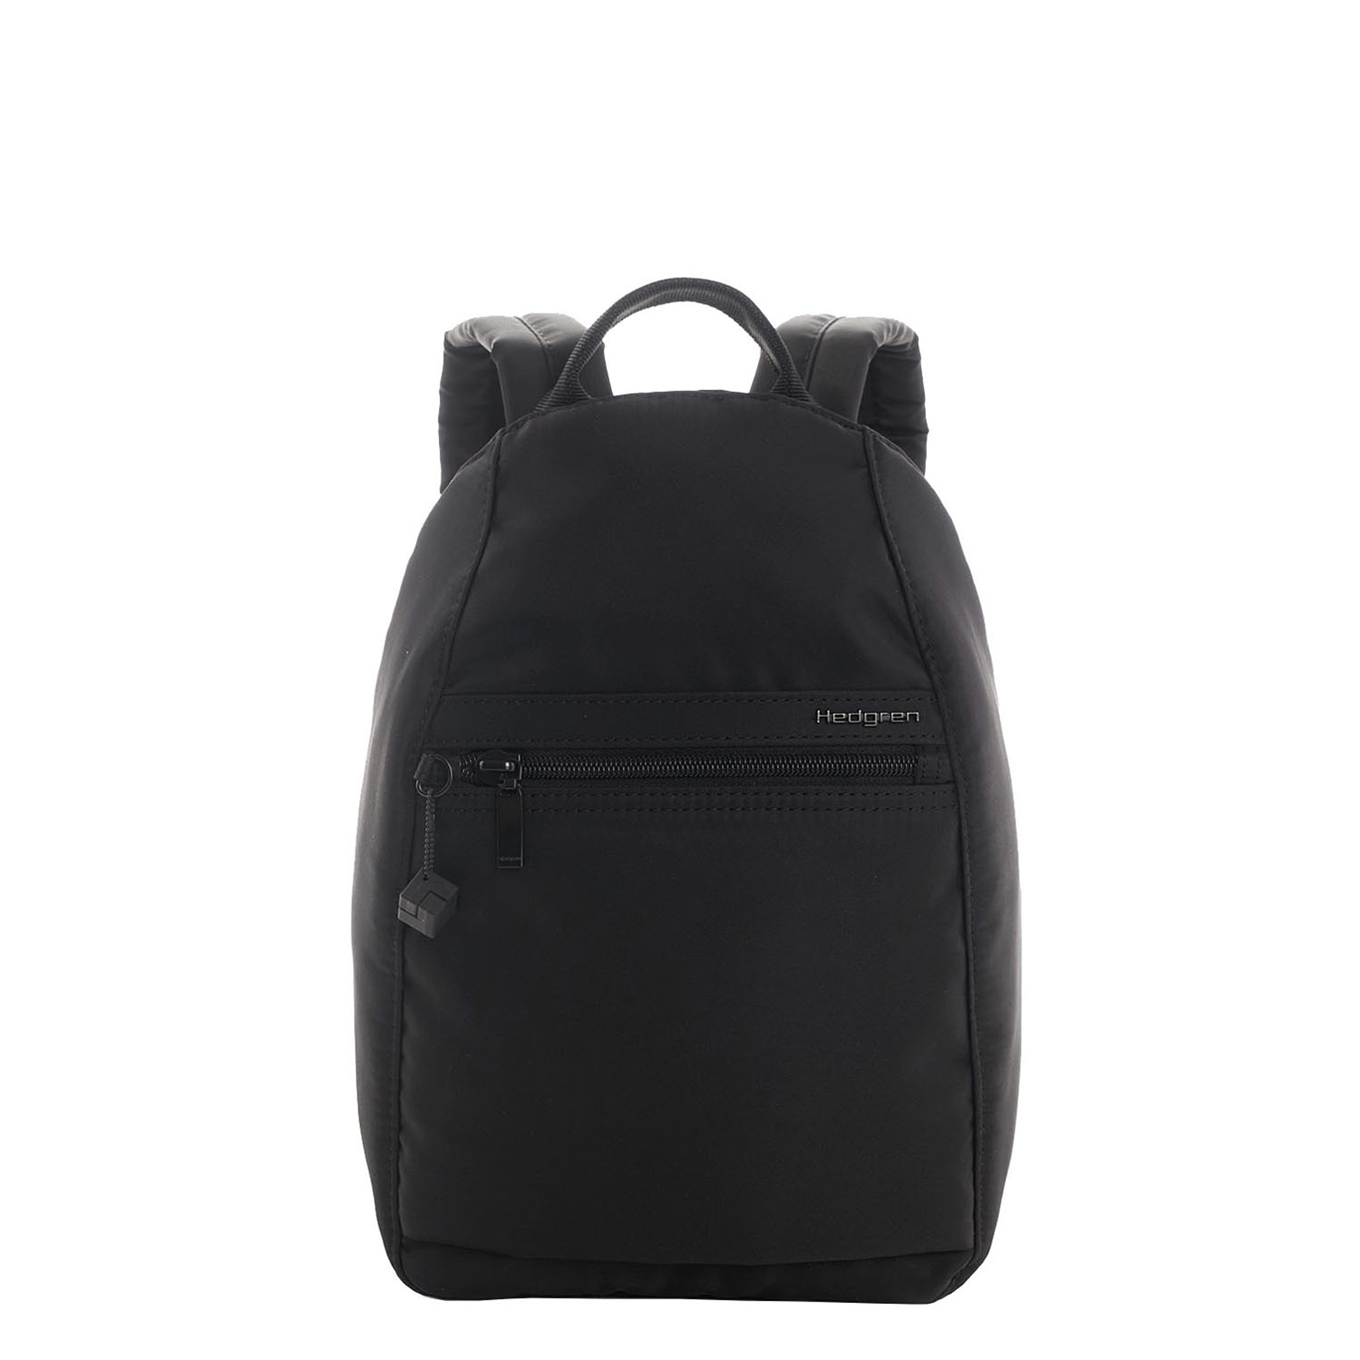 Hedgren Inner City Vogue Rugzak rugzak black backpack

++++++++++

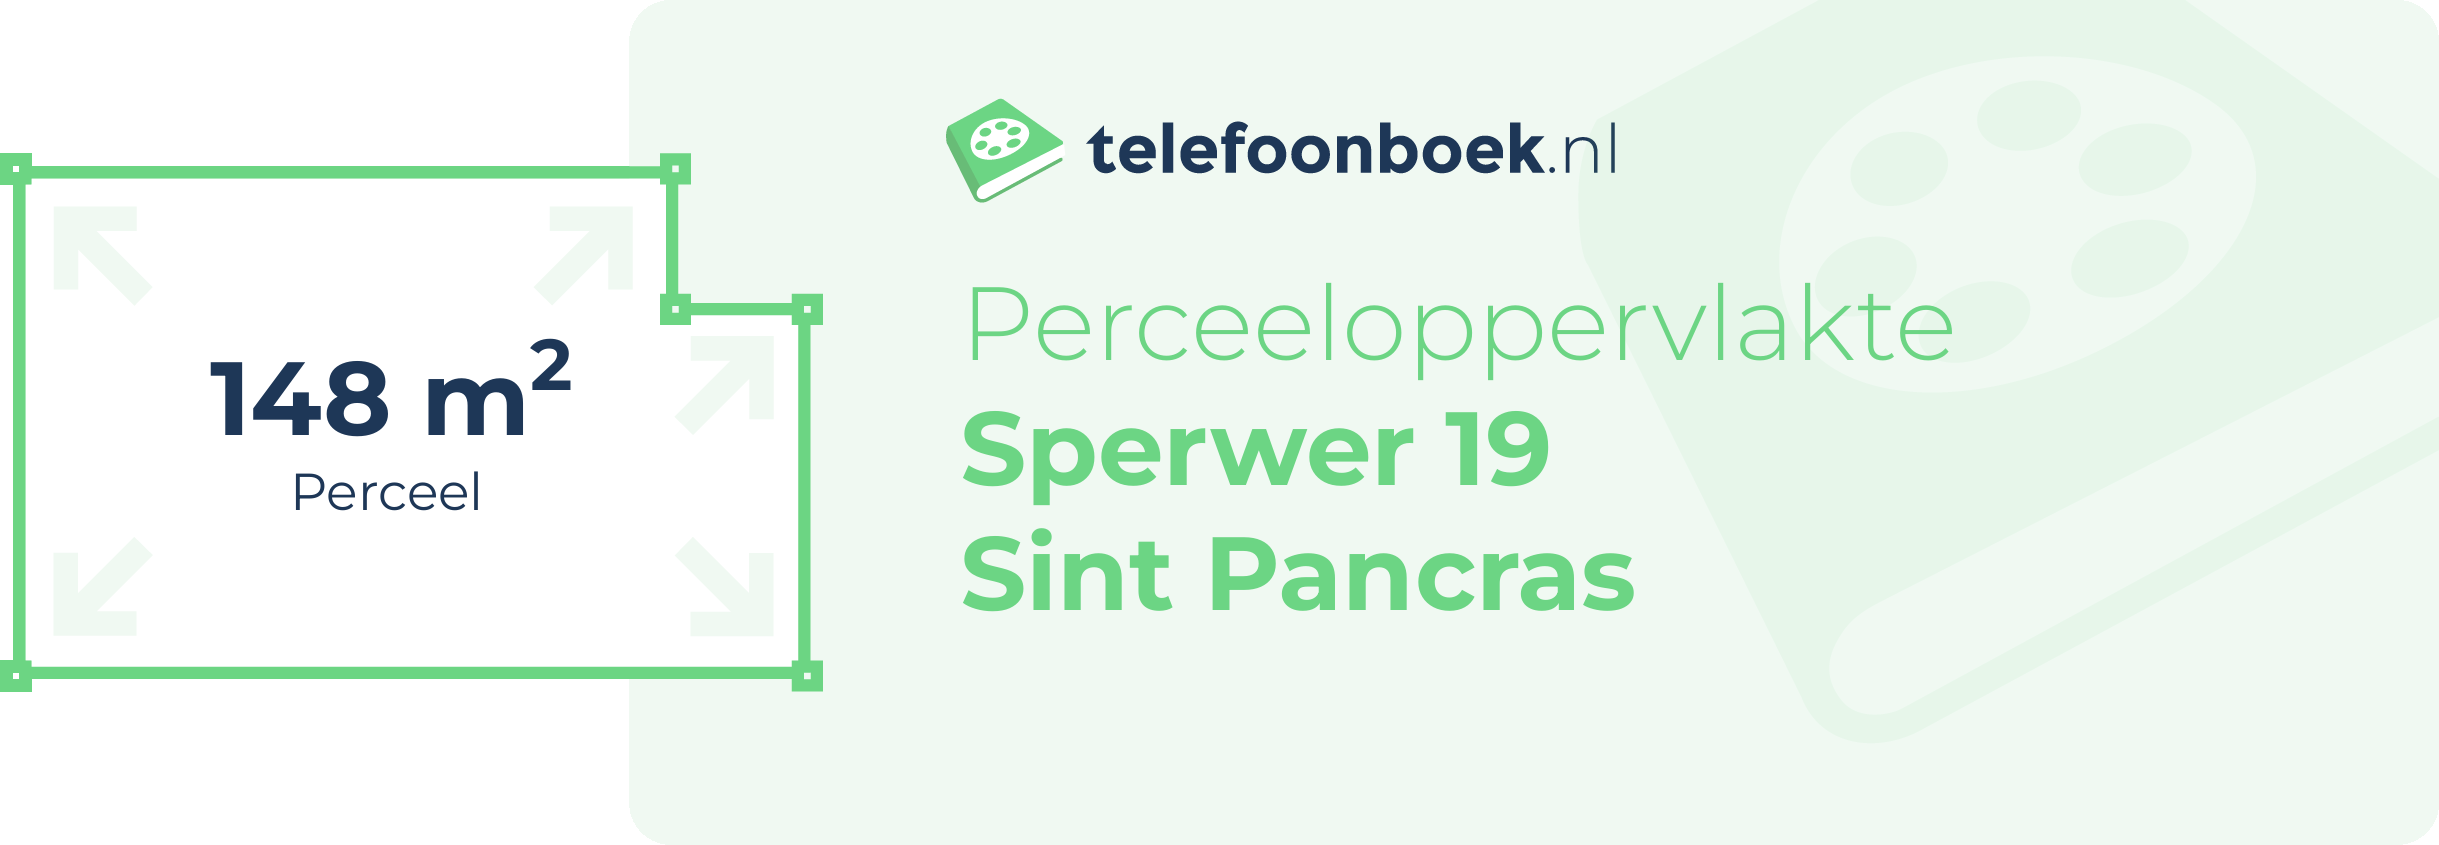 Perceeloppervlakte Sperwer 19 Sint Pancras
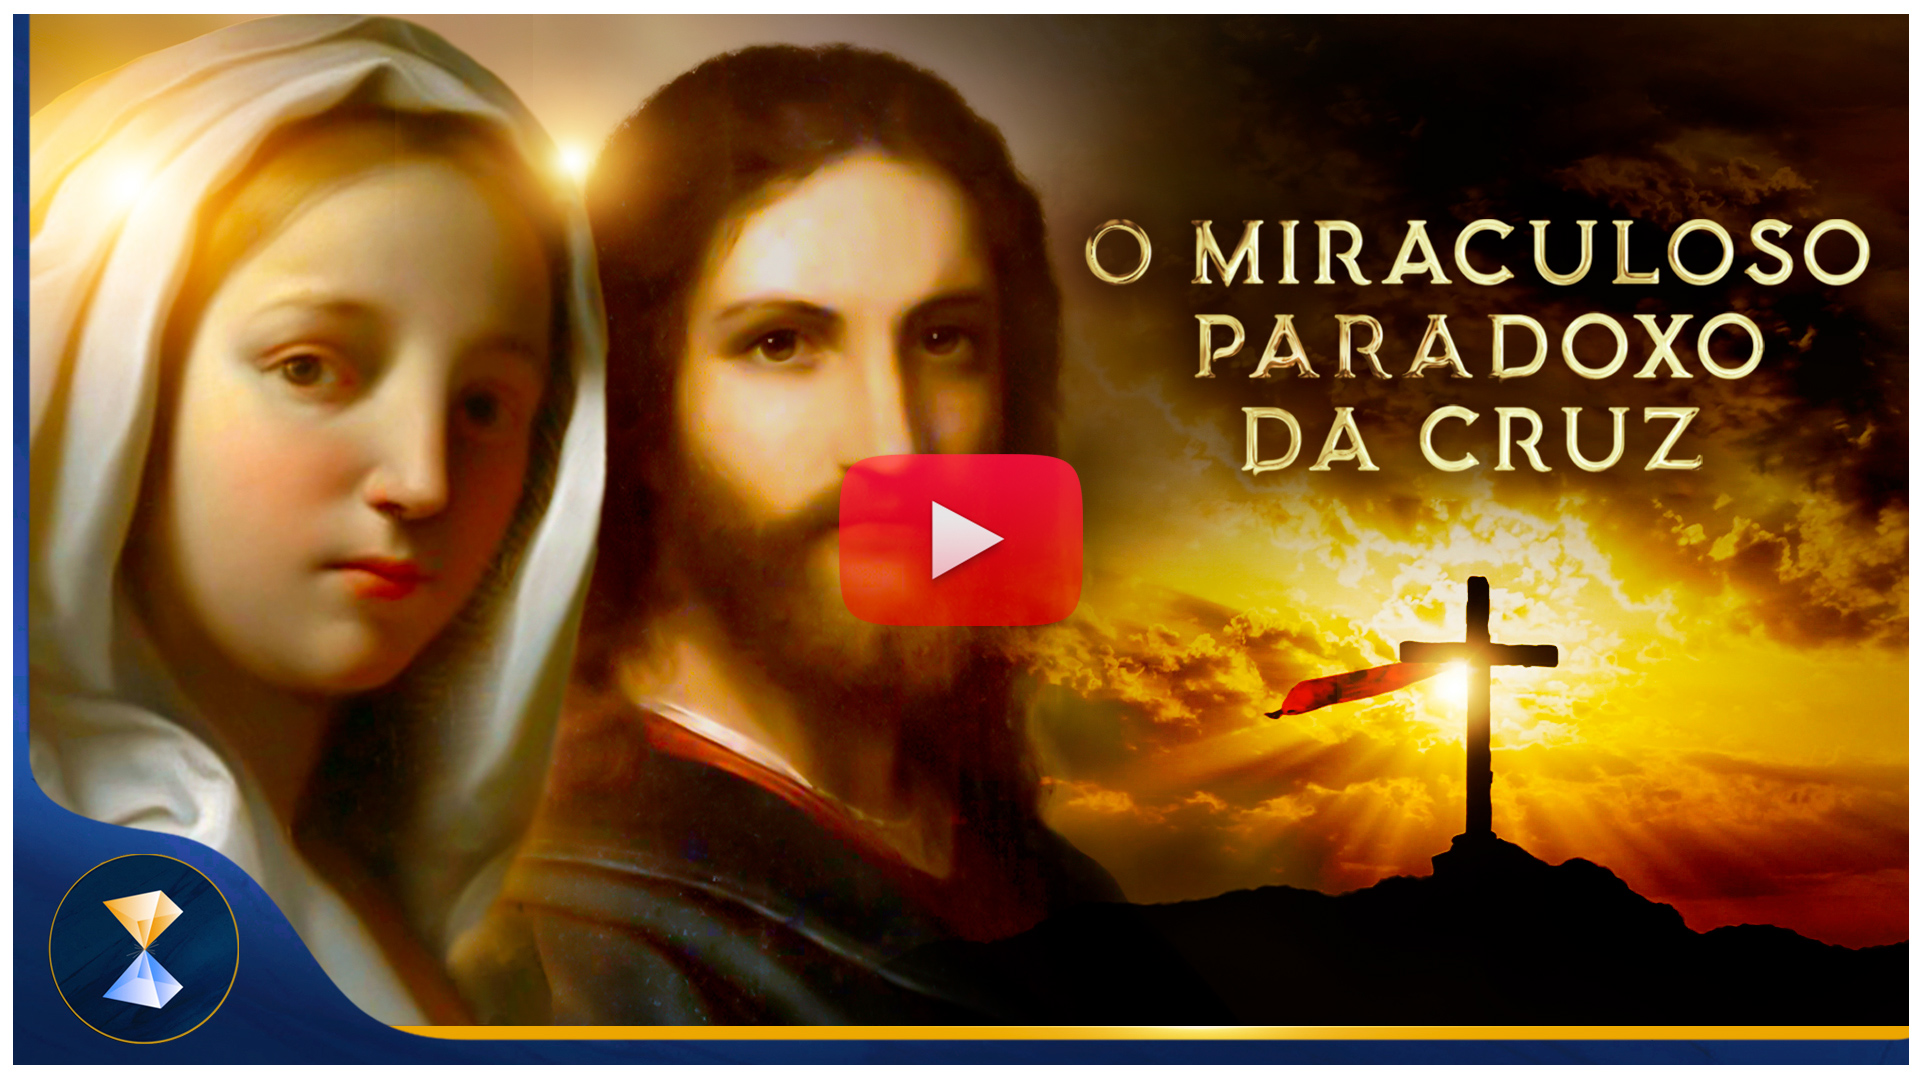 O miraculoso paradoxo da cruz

++++++++++

EXERCISE GOAL
Using the listing above, reproduce word for word every line from the one containing "Perceeloppervlakte Sperwer 19 Sint Pancras" through the one containing "O miraculoso paradoxo da cruz". Pictures must be left out.

RESPONSE
 Perceeloppervlakte Sperwer 19 Sint Pancras
 O miraculoso paradoxo da cruz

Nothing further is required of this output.